I learned a handful of life lessons on my trip with Sophie. The first: Never be more than an arm’s length away from a poop bag. Next: If the dog wants to play fetch after driving all day, play fetch. You’ll both enjoy it.
The most stressful day of our trip was when Sophie ran off and rolled in a mud puddle at an abandoned golf course — right before we were about to check into a five-star hotel. Even the designated Sophie towel barely made a dent in removing the mud. This was a good reminder that I’m fully responsible for all of her behavior, just like any other pet owner.
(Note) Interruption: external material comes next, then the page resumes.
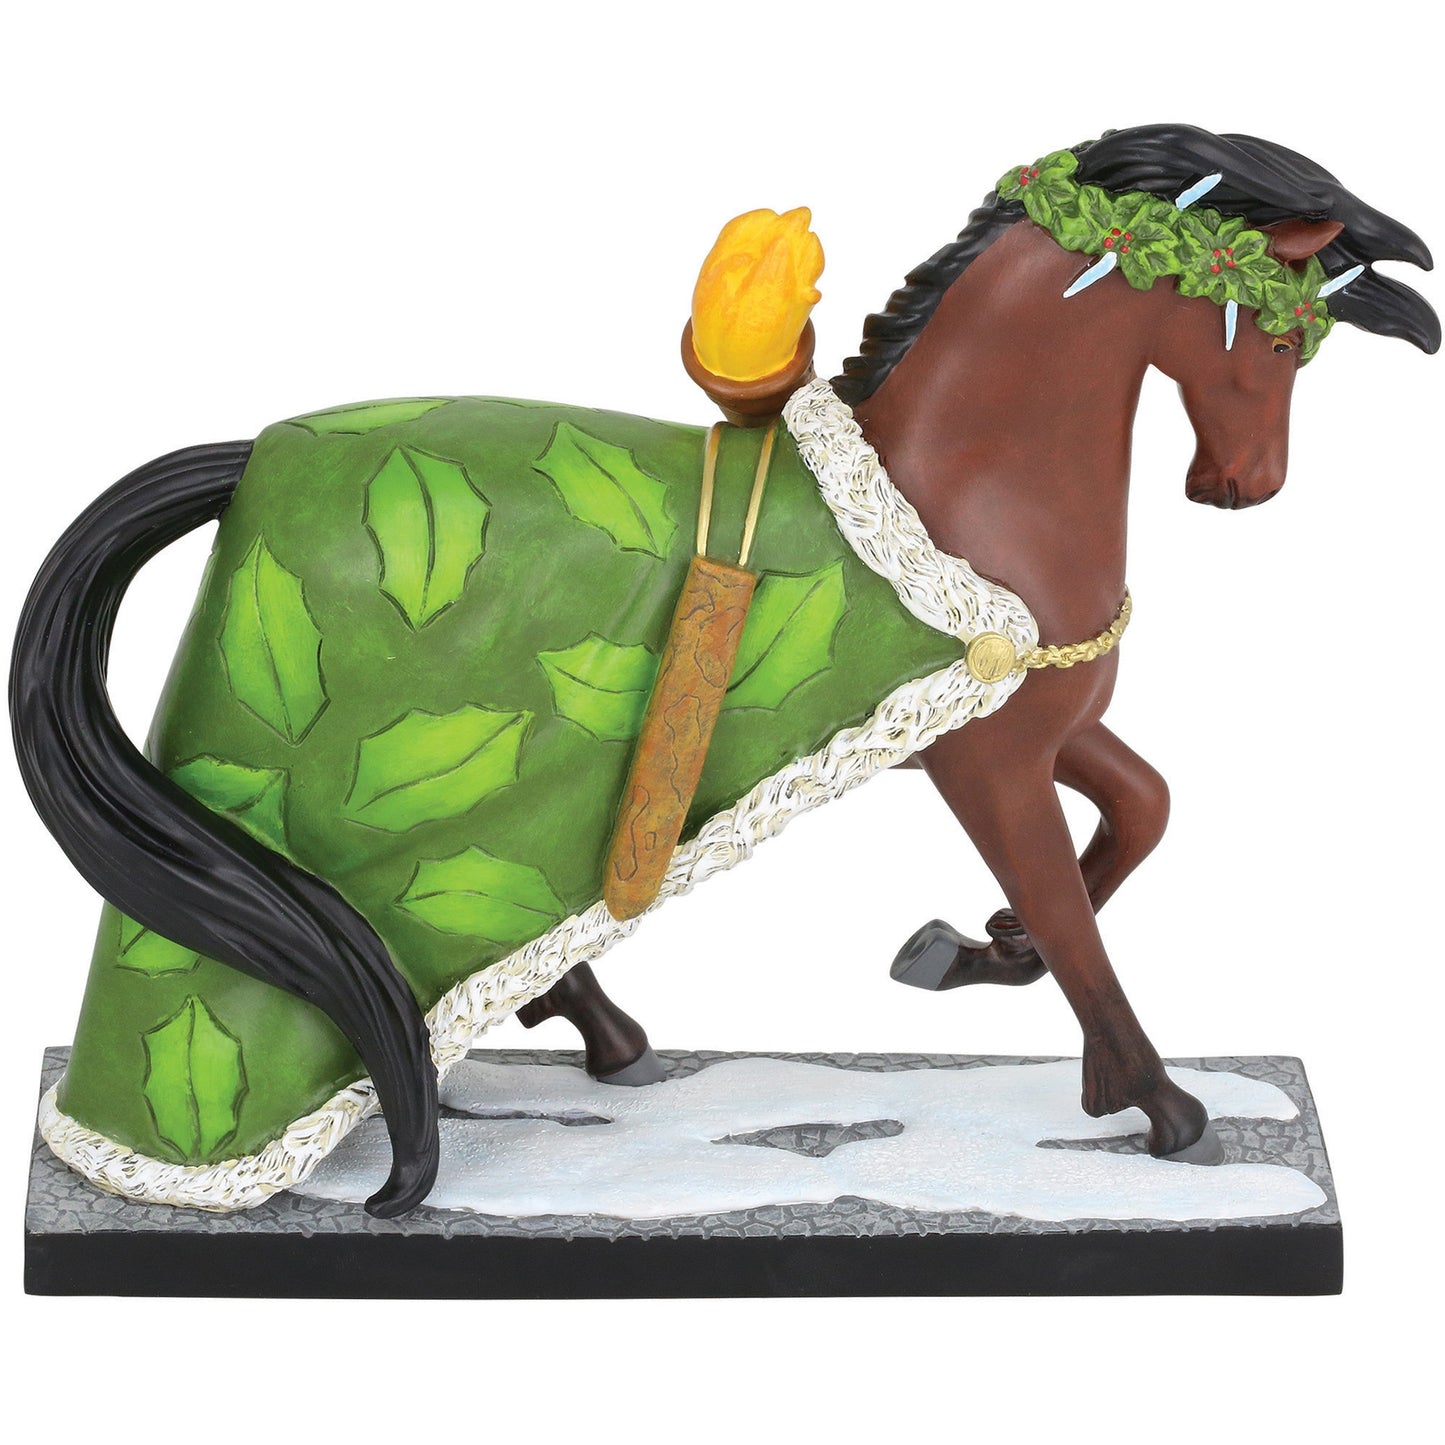 The Trail of Painted Ponies - Spirit of Christmas Present-Top Brands-The Equestrian

Despite the challenges and extra planning, the bonding Sophie and I experienced and the sidetracked adventures we had together made it all worth it. Plus, my car wouldn’t have come home nearly as filthy if I wasn’t so focused on getting Sophie into the outdoors, and that’s a rite of passage for Wrangler owners. Both of us emerged from the adventure braver and more confident, something we each needed. By anticipating the needs of my dog as well as I understand my own, we were able to have the most memorable bonding experience on the road. Next up: Wyoming and Montana.